Study finds chronic homelessness down 51% in Kawartha Lakes-Haliburton

KAWARTHA LAKES-The Canadian Alliance to End Homelessness has announced that the City of Kawartha Lakes and the County of Haliburton have marked a 51% reduction in chronic homelessness since August 2018.

“The commitment and work around supporting the most vulnerable in our community is providing an opportunity to ensure that our resources are being used effectively to make a difference in the lives of those who would have otherwise fallen through the cracks of the system,” says Michelle Corley of the Housing Help Division of the City of Kawartha Lakes.

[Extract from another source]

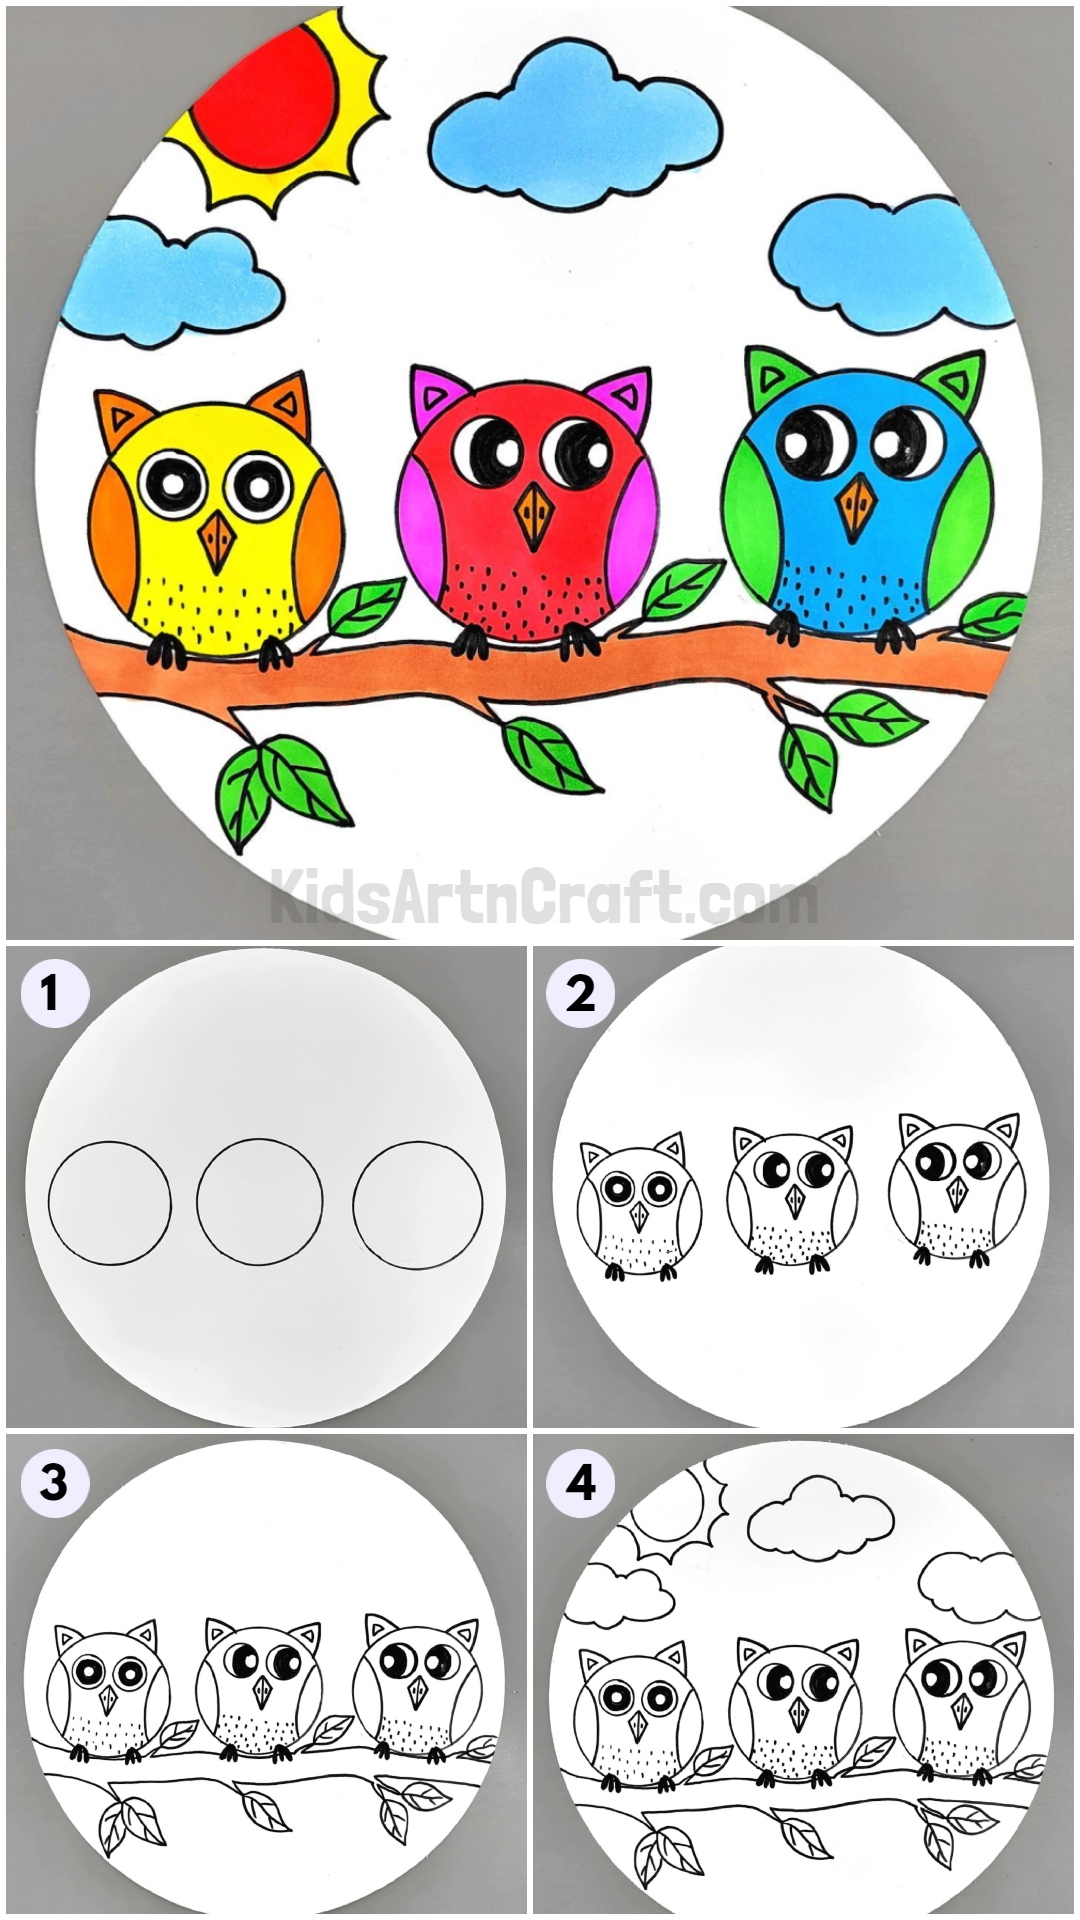 Draw a group of owls easy Tutorial for Kids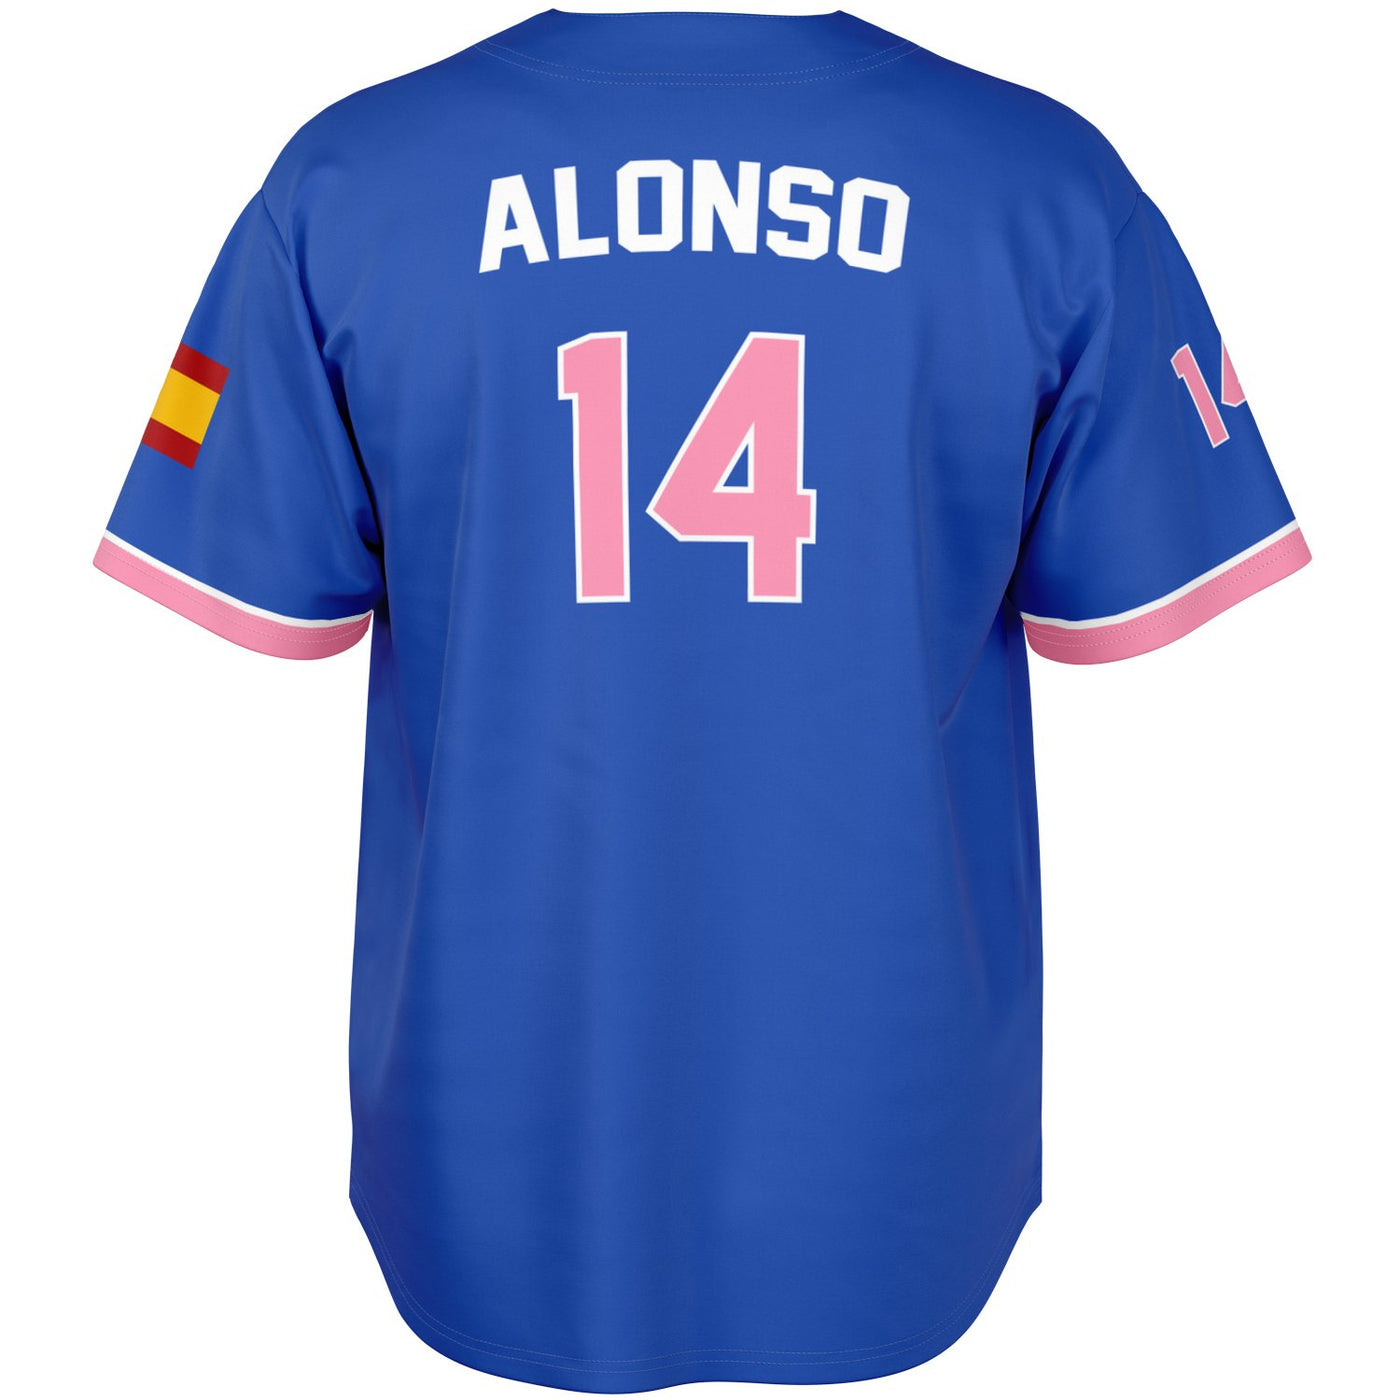 Alonso - Away Jersey (Clearance) - Furious Motorsport

Currently, Kawartha Lakes-Haliburton are one of the two communities “in the last mile” and are being recognized at the Built for Zero Press Conference in Toronto for showing that they are projected to reach “functional zero” on chronic homelessness within the next 12 months or less. “Functional zero” means that the City and County will have three or less people experiencing chronic homelessness over three consecutive months. Chronic homelessness is when an individual has been experiencing homelessness for six months within the last year.

Since 2016, the City of Kawartha Lakes and the County of Haliburton have been involved with the 20,000 Homes Campaign, a program that works to house Canada’s most vulnerable homeless people. The program included initiatives such as Registry Week, which identified people experiencing chronic homelessness throughout Kawartha Lakes and Haliburton in an effort to recognize and learn about their needs. In the City’s 2018 Registry Week Final Report, 60 individuals and 15 families were identified as homeless. The Homeless Coordinated Entry System work has continued, where individuals or families experiencing homelessness are added to a by-name-list that prioritizes the most vulnerable and matches them to appropriate housing and supports.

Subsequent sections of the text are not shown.